→ EXTRACTED MATERIAL:
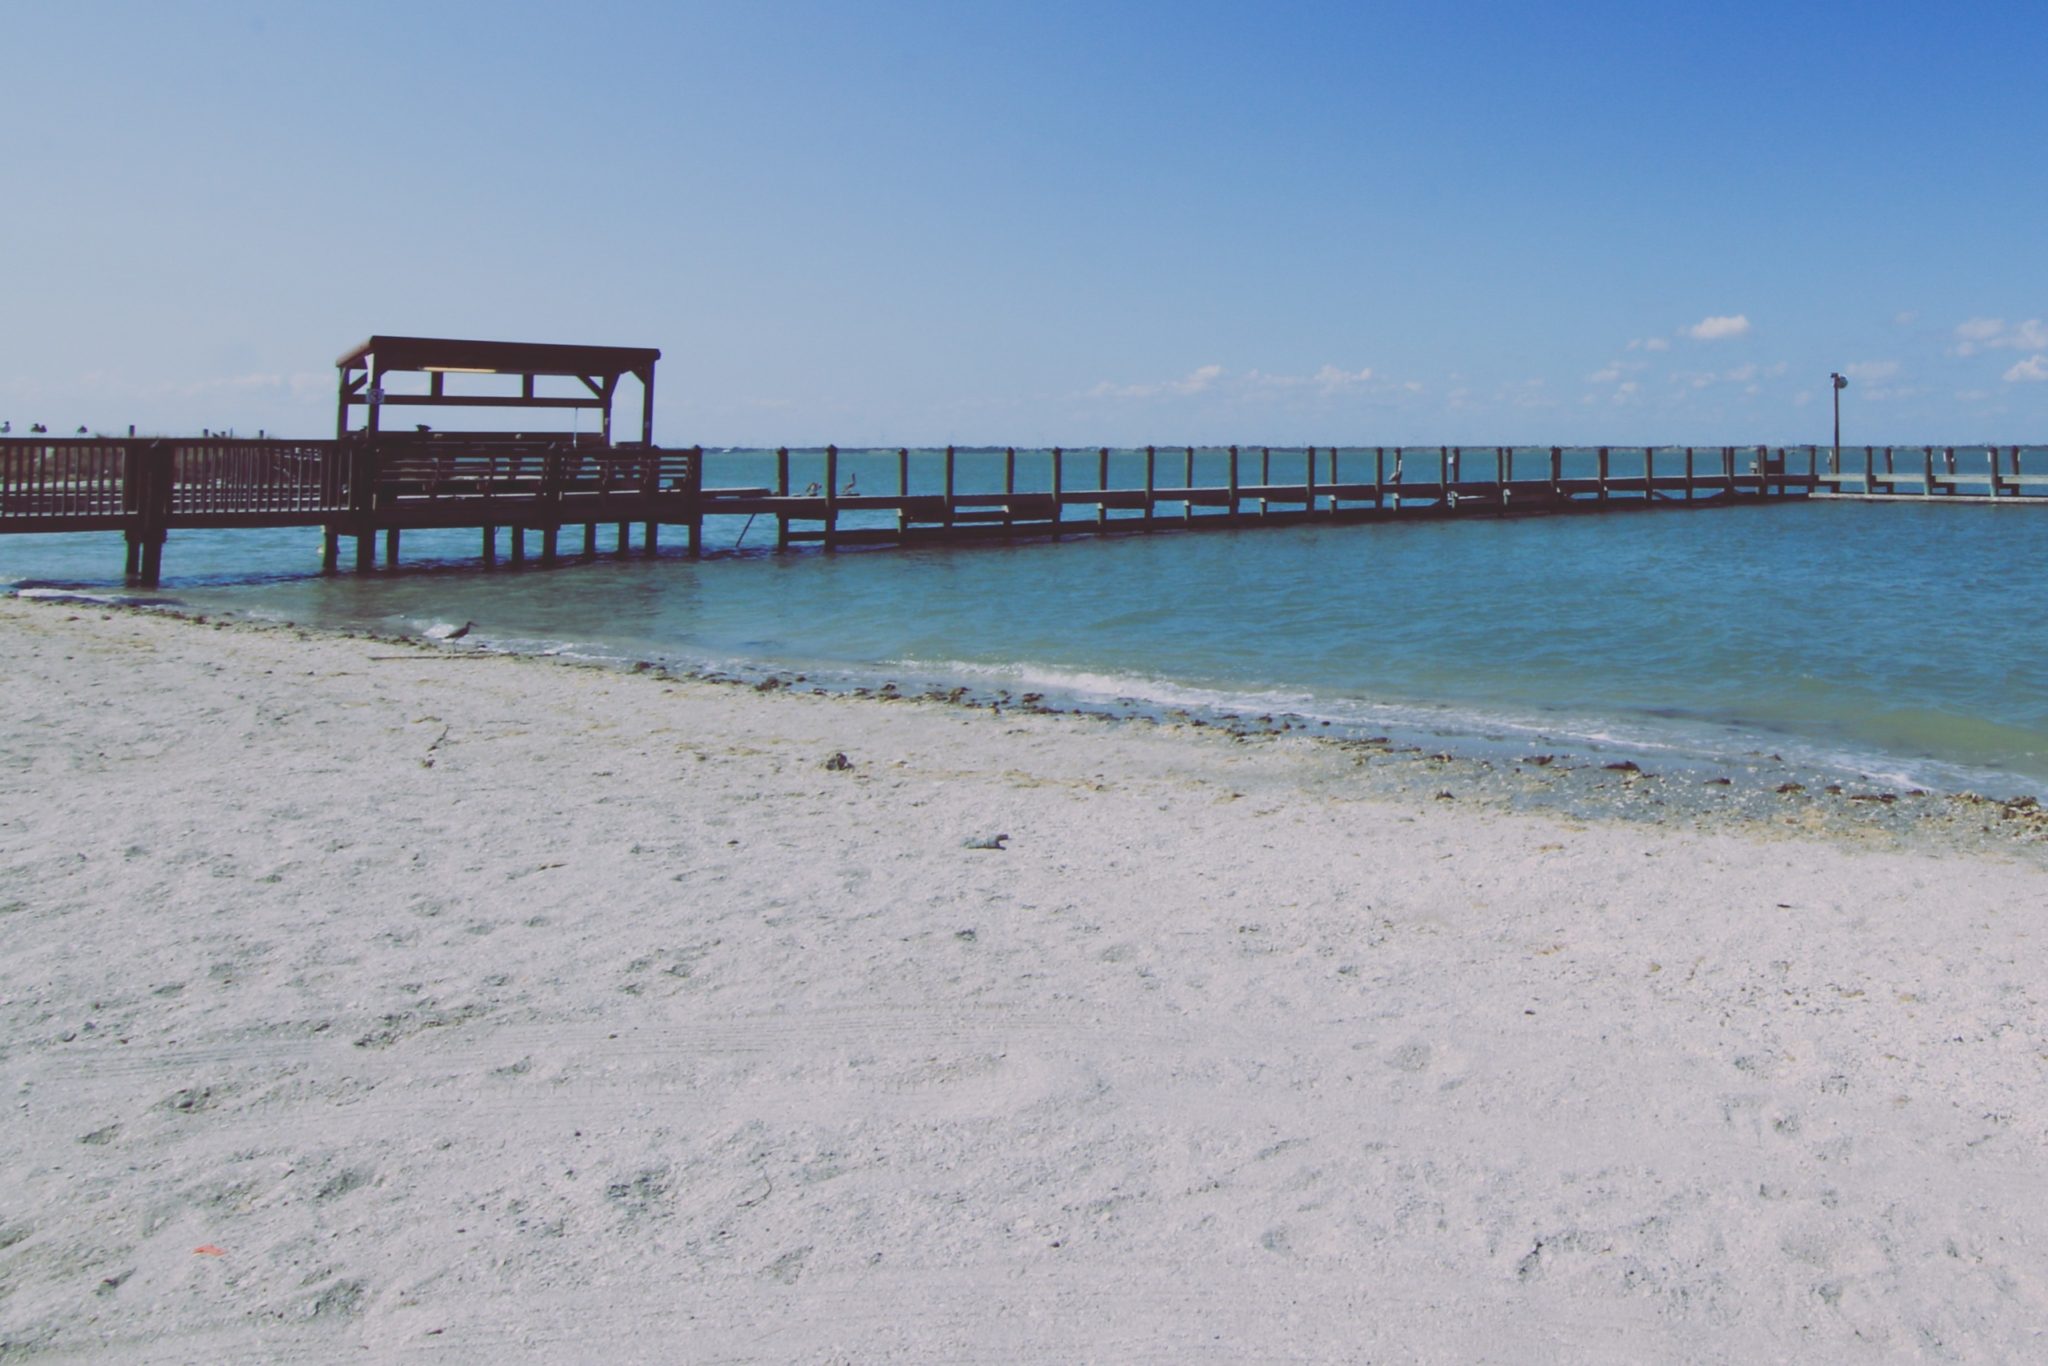 Walking along a beach pier is one of the many things to do in Mustang Island.
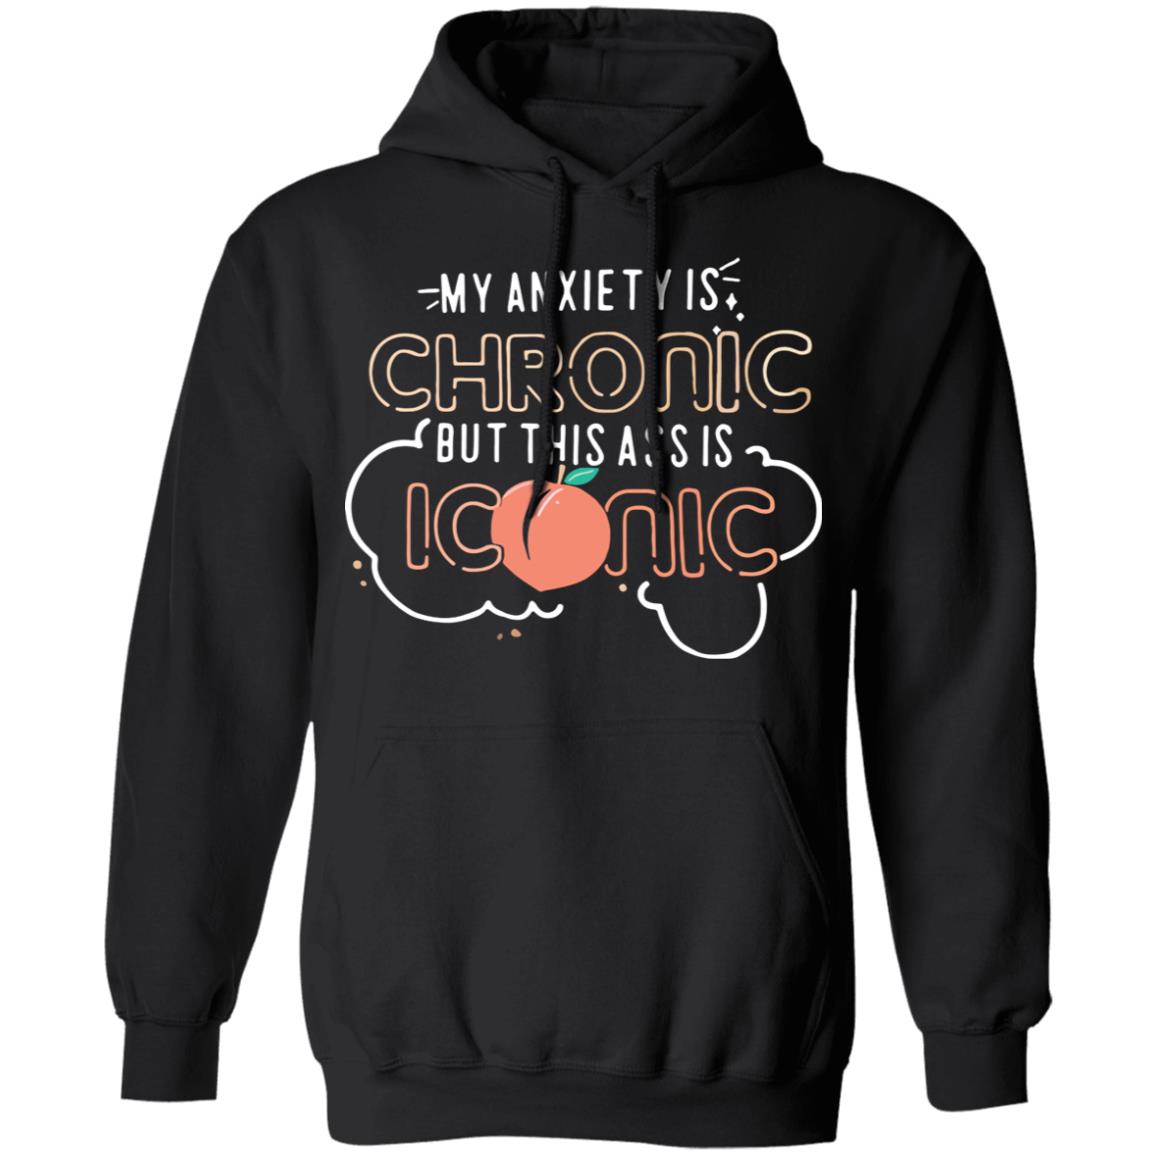 Retro My Anxiety Is Chronic But This Ass Is Iconic Funny Peach Sarcasm Sarcastic Sassy Peach Gift Shirt Tank Top 1Zmb
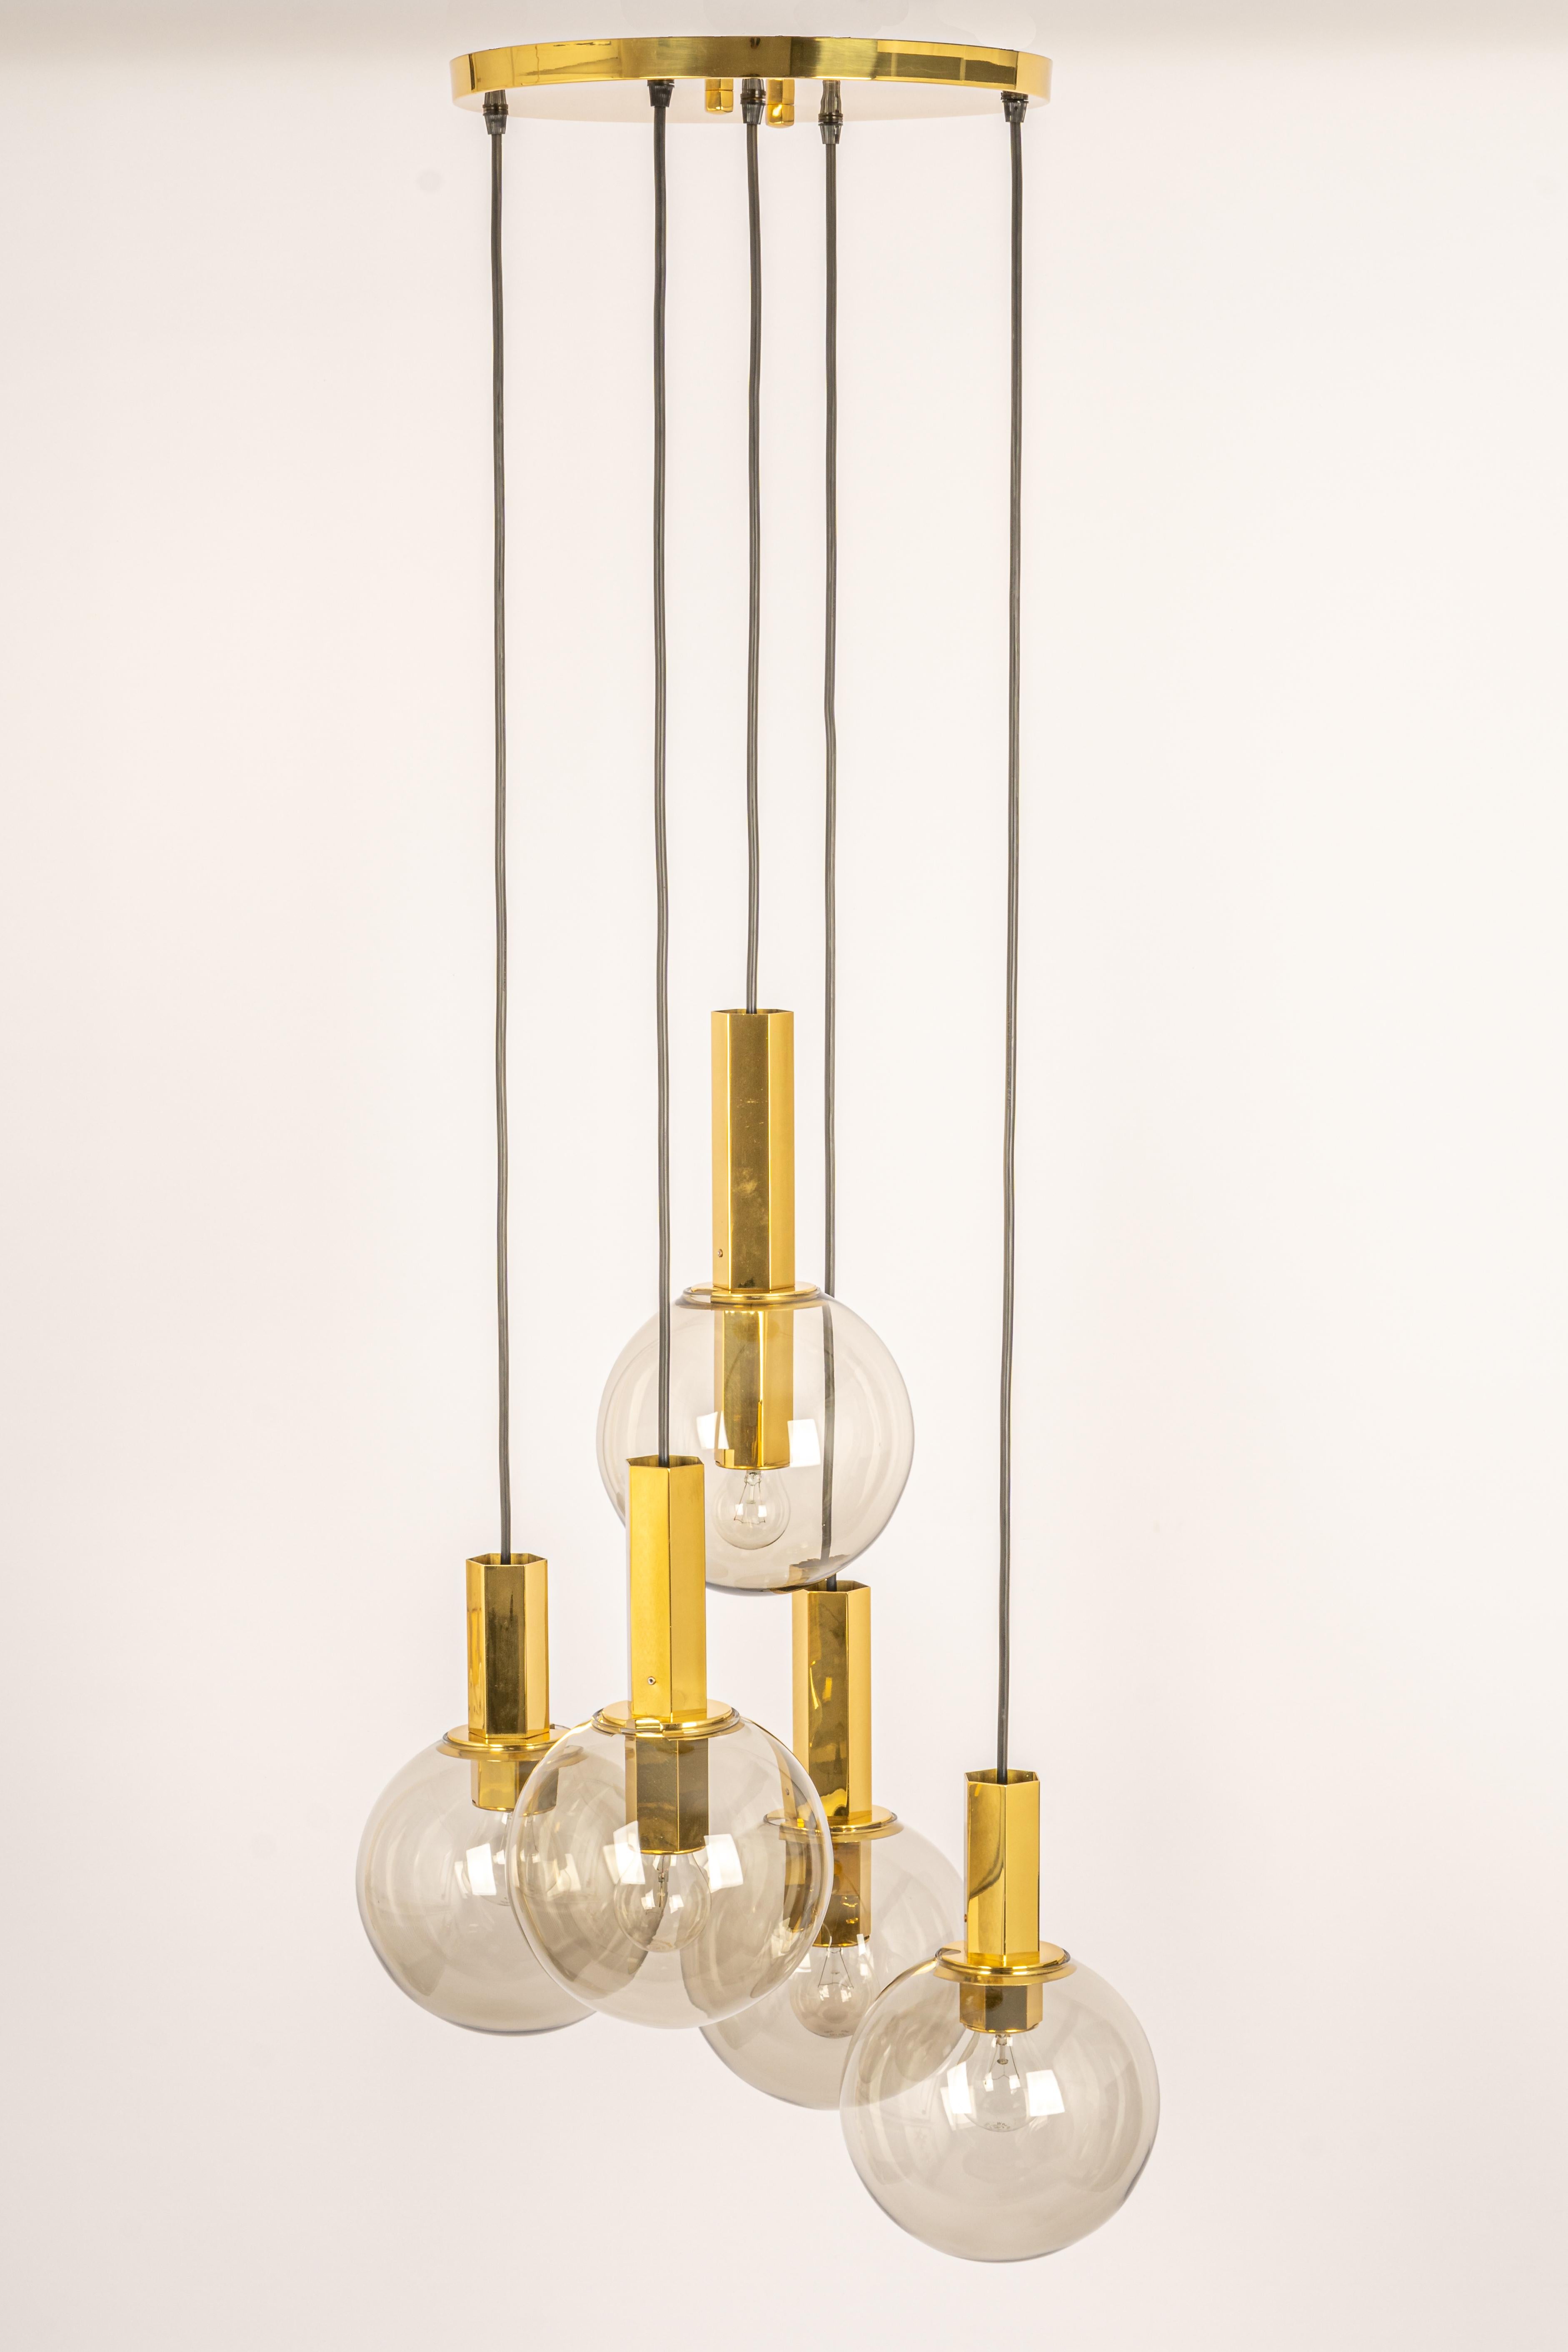 A special large cascading chandelier by Cosack, manufactured in Germany, circa the 1970s with 5 smoked glasses.
Wonderful form and stunning light effect.
Sockets: 5 x E27 standard bulb. (60 W max) 
Light bulbs are not included. It is possible to

→ ACTIVITY: Beginning with the line in which "Wonderful form and stunning light effect." appears, set down each line through the last one in the listing, unchanged and with no extras.

→ RESULT OF THIS TASK:
Wonderful form and stunning light effect.
Sockets: 5 x E27 standard bulb. (60 W max) 
Light bulbs are not included. It is possible to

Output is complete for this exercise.